RAIDのデータが消滅する?
ハードディスクの容量は1990年代の2GBから近年は3TBまで、20年で3桁大きくなりました。一方で読み取り時のシークタイムは10msから3msに改善されたに過ぎません。入出力インターフェースもSCSIの20MB/秒から、SAS/eSATAやFCの500MB~1GB/秒へ1~2桁しか伸びていません。ディスクの回転数は4000rpmから15000rpmになった程度で、あまり変化がありません。総合すると、1台の大容量ディスクの中身全体にアクセスするための時間は、20年間で50~500倍長くなっていることがわかります。これは、RAIDのリビルド(RAIDを構成している複数のディスクのうち1台が壊れた場合に交換復旧する作業)に必要な時間がそれだけ長くなることを意味しており、「RAIDのリビルド中に別のディスクが壊れてデータが失われる」リスクが無視できなくなってきます。また、超大容量ストレージを実装する場合、コストと消費電力を減らすため、遅くて大容量のディスクを大量に使わざるを得なくなるため、通常に比べリスクが飛躍的に高まります。(表)では、PBクラスの超大容量ストレージにおけるリスクを定量的に評価していますが、構成によっては安心できない状況になっています。

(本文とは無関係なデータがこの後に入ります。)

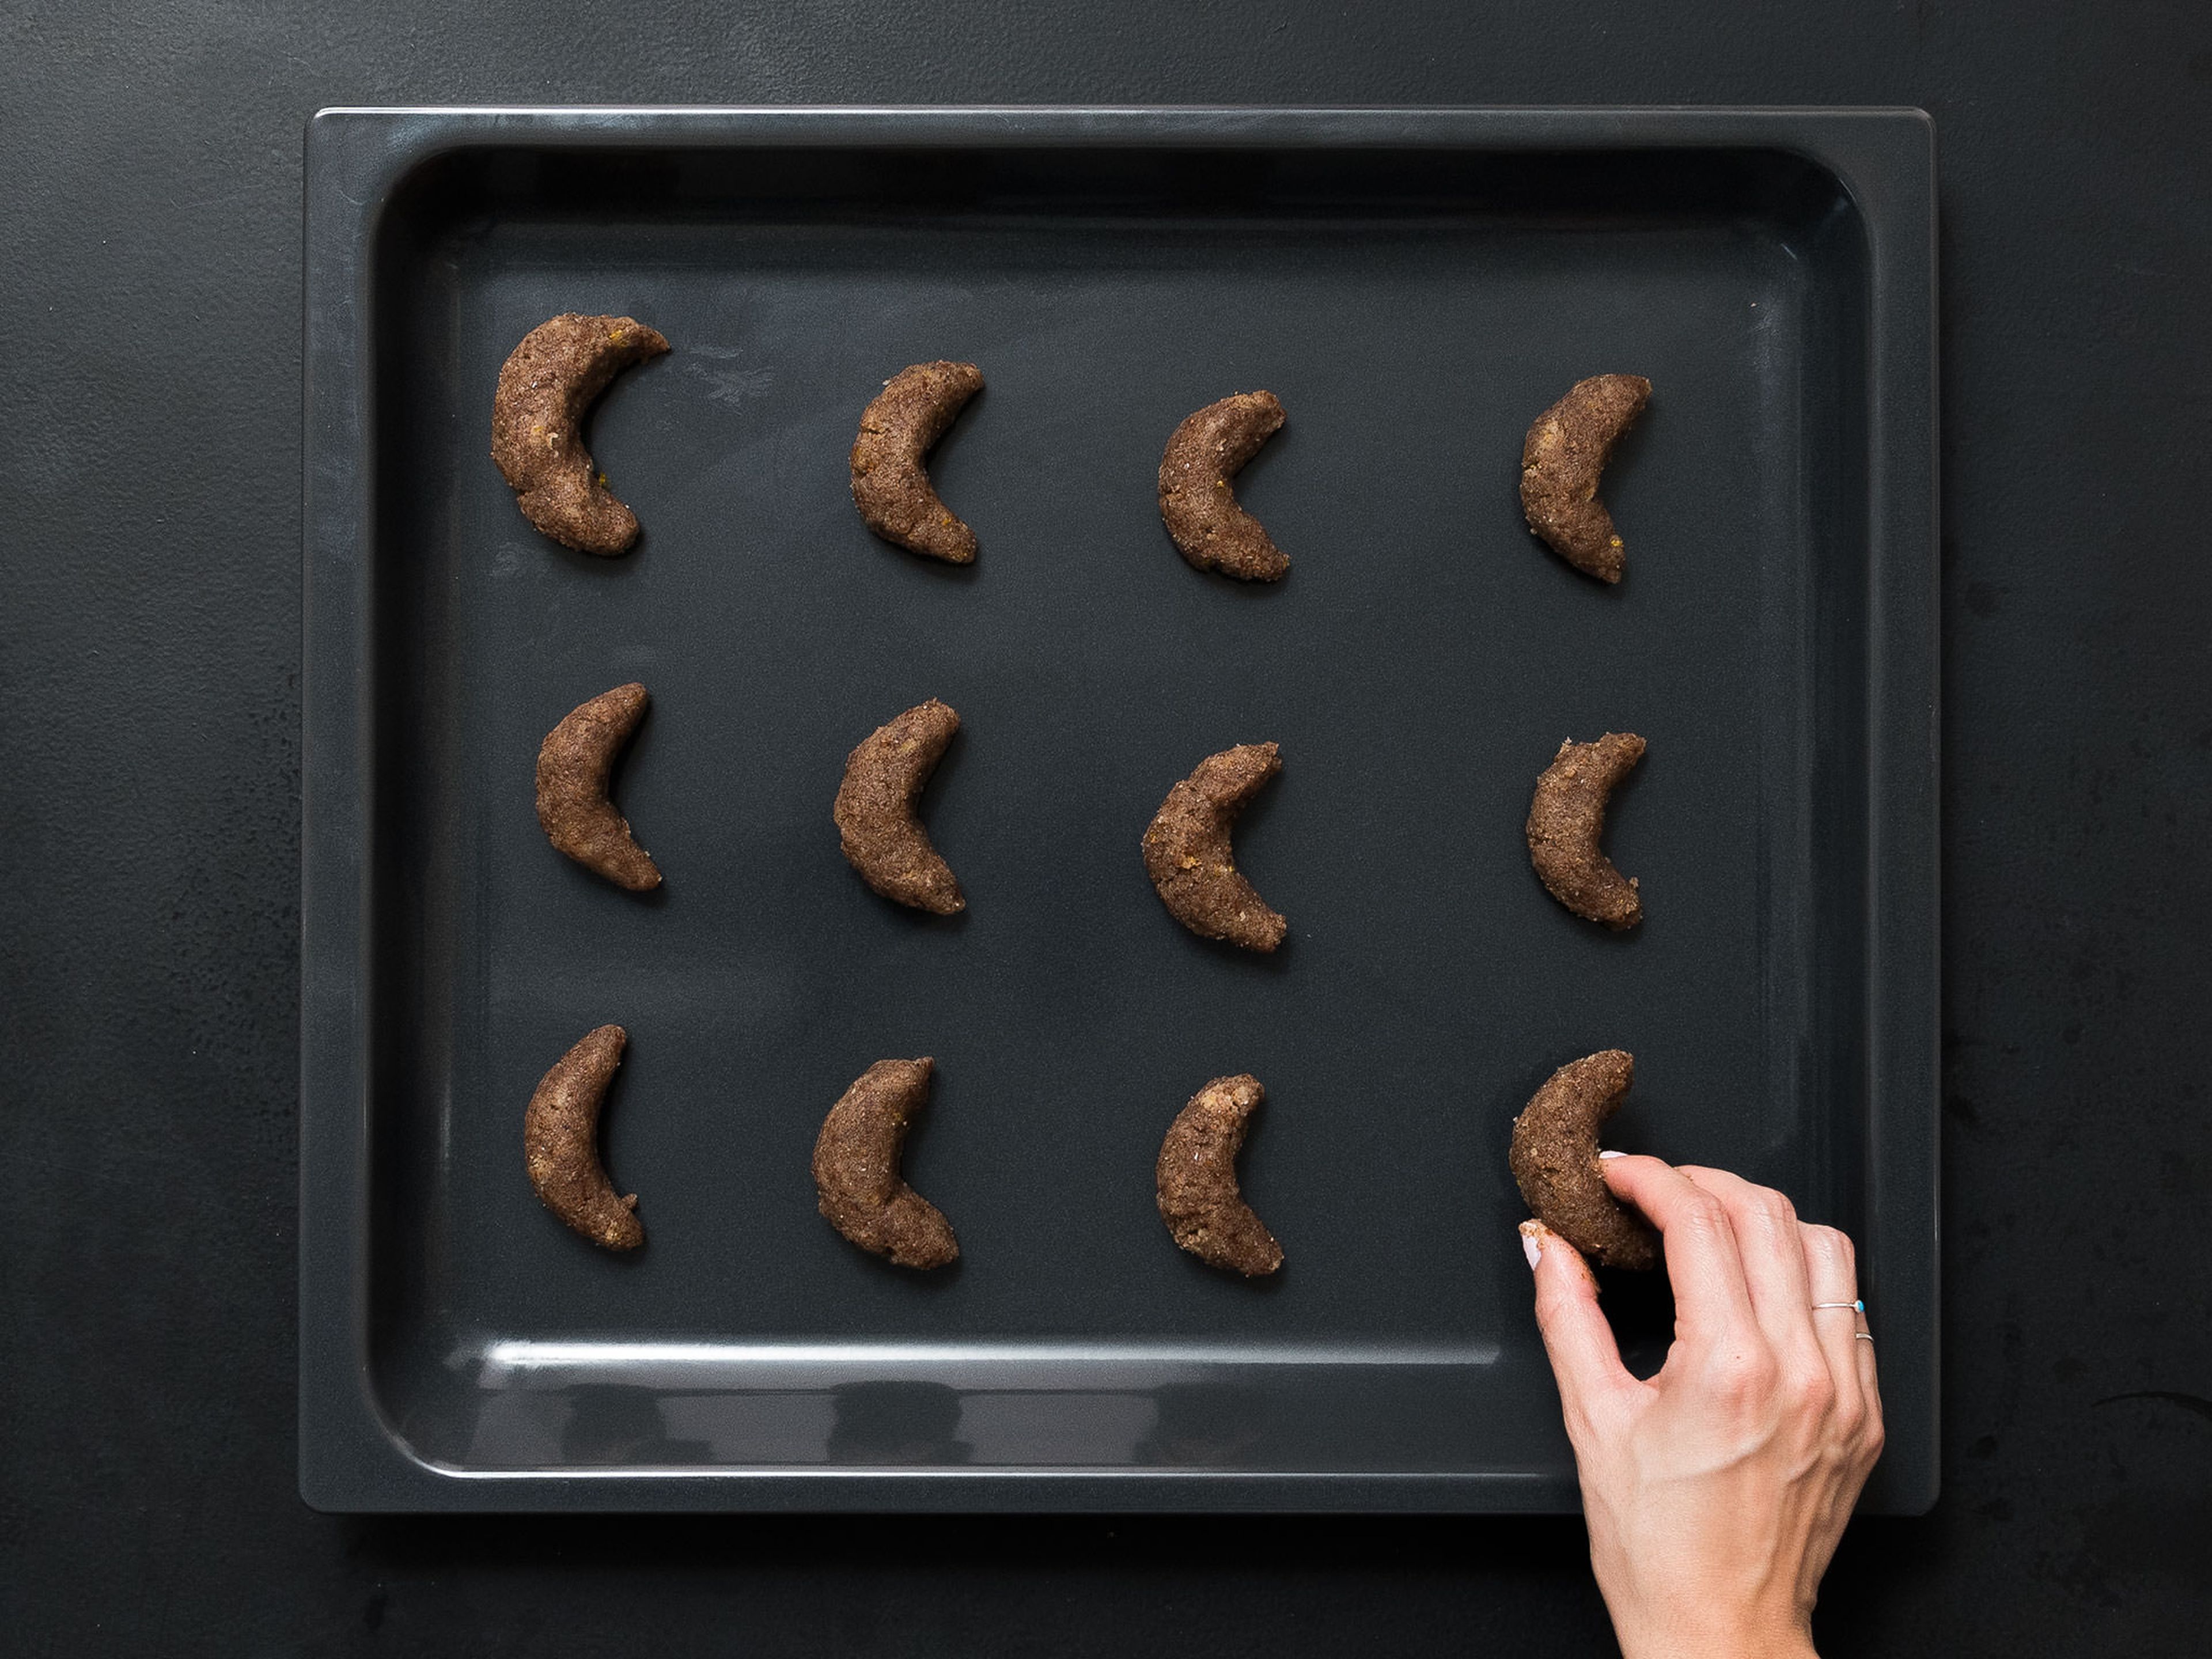 Pre-heat oven to 150°C/300°F. Remove dough from fridge and form into crescent shapes. Place on a baking sheet lined with parchment paper and bake in oven for approx. 15 - 20 min. before removing and setting aside to cool on a wire rack.
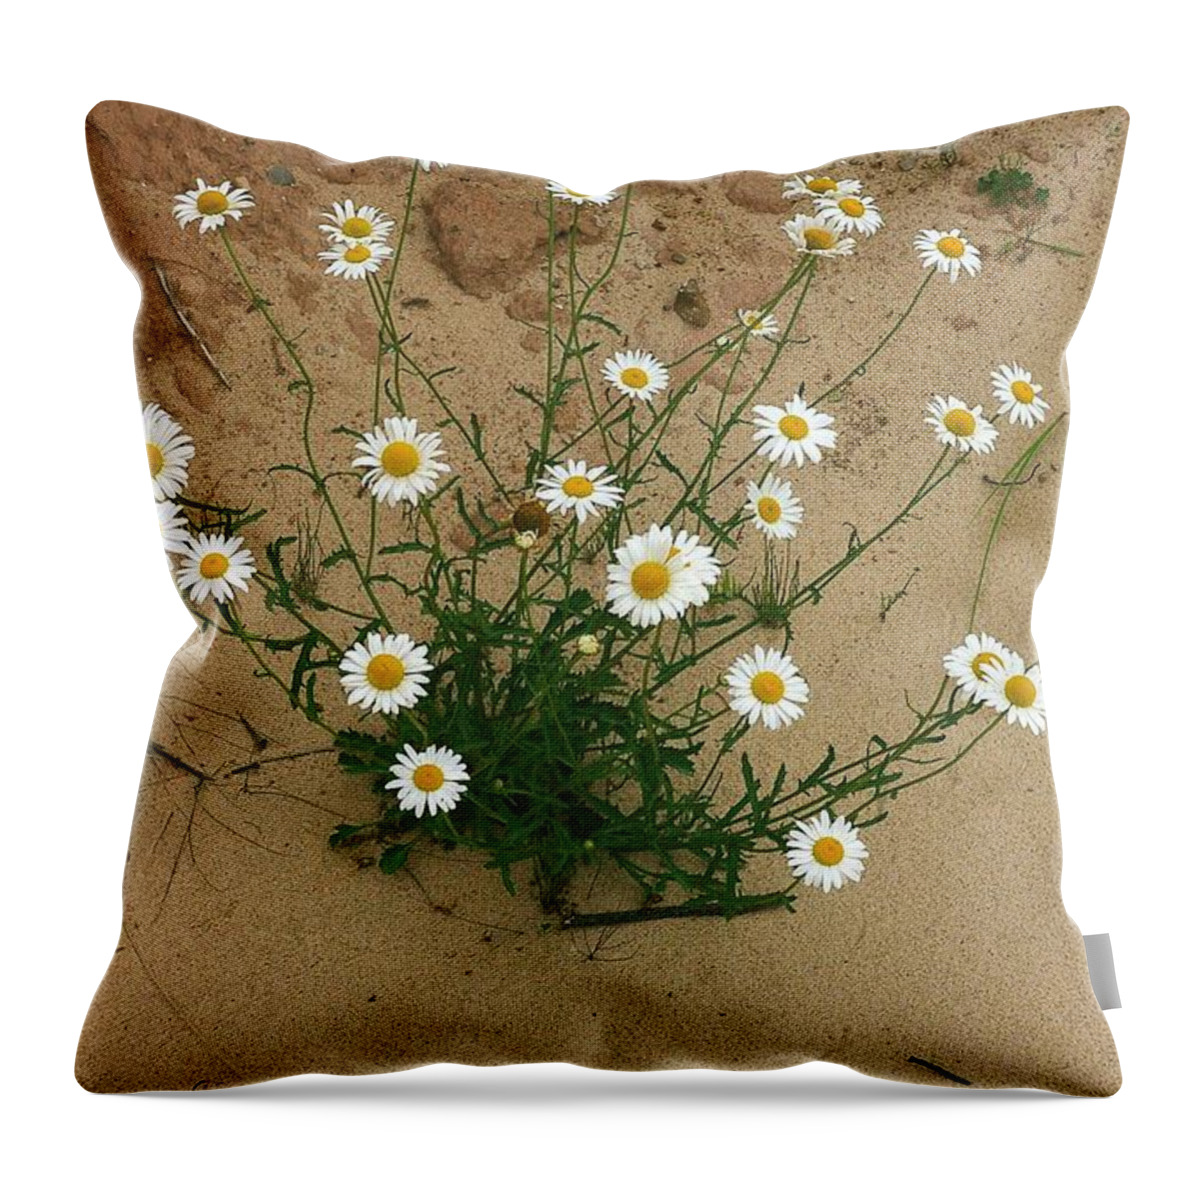 Daisies Throw Pillow featuring the photograph Daisies in the Sand by Randy Pollard

表:1PB(1000TB)の超大容量ストレージにおける年間データ喪失リスク試算
計算条件と補足
- ディスク故障率は5%/年、データの部分破壊(bit rot等)は考慮しない。
- ディスク容量は1個あたり1TB、リビルド速度は25MB/secとした。
リスクを減らす技術
リビルド中のリスクを減らす策は様々あります。例えば以下のような技術の活用です。
- 1.3重以上のミラー
2重でダメなら3重、3重で心配なら4重と、単純に複製を増やす方式です。容量効率は1/nになっていきますが、3重ミラーとすると、(表)のRAID6の数倍の信頼性を期待できるため、要件によっては十分でしょう。狭義のRAIDではありませんが、Openstack Swift参考やHadoopはデフォルト設定でデータを3重に格納して保護しています。
- 2.ワイドストライピング
データを細分化し、RAIDを構成する多数のディスクに冗長化して収容する方式です。並列化により高速化を図ると共に、ドライブごとではなくセクタ毎に障害検出/退避をする、など、きめの細かい制御を行ってアクセスを最適化しており、リビルドも高速に実施できます。最近のRAIDの多くが採用していますが、ディスクが多重で故障した場合への耐性には限界があります。また、リビルド中の性能に影響があるため、要件毎に必要な信頼性と性能を満たすか、個別に精査することが必要でしょう。
- 3.Dispersed storage
通信の世界で昔から使われてきた「誤り訂正符号」をストレージに応用した方式です。任意のディスク数に対して任意の冗長度を設定できるため、設計次第で極めて高い信頼性を得ることができます。例えば15台のディスクの中の任意の5台が故障してもデータが読み取れる構成も実現可能です。この方式はデータの入出力が符号化/復号化になるため計算量が通常より大きくなりますが、ハードウェアの計算能力が高速化しているため、現在は問題ではなくなりました。また、多数のディスクを並列に動作できるため、低速大容量HDDを活用した低価格、低消費電力、高信頼性、高スループットのストレージという、最近のクラウド、ビッグデータの時代の要件にマッチした仕様を実現することができます。数百TB~PB以上の大容量ストレージとして、実用が増えています。
要件に応じて最適な方式を選択することが大切だと考えています。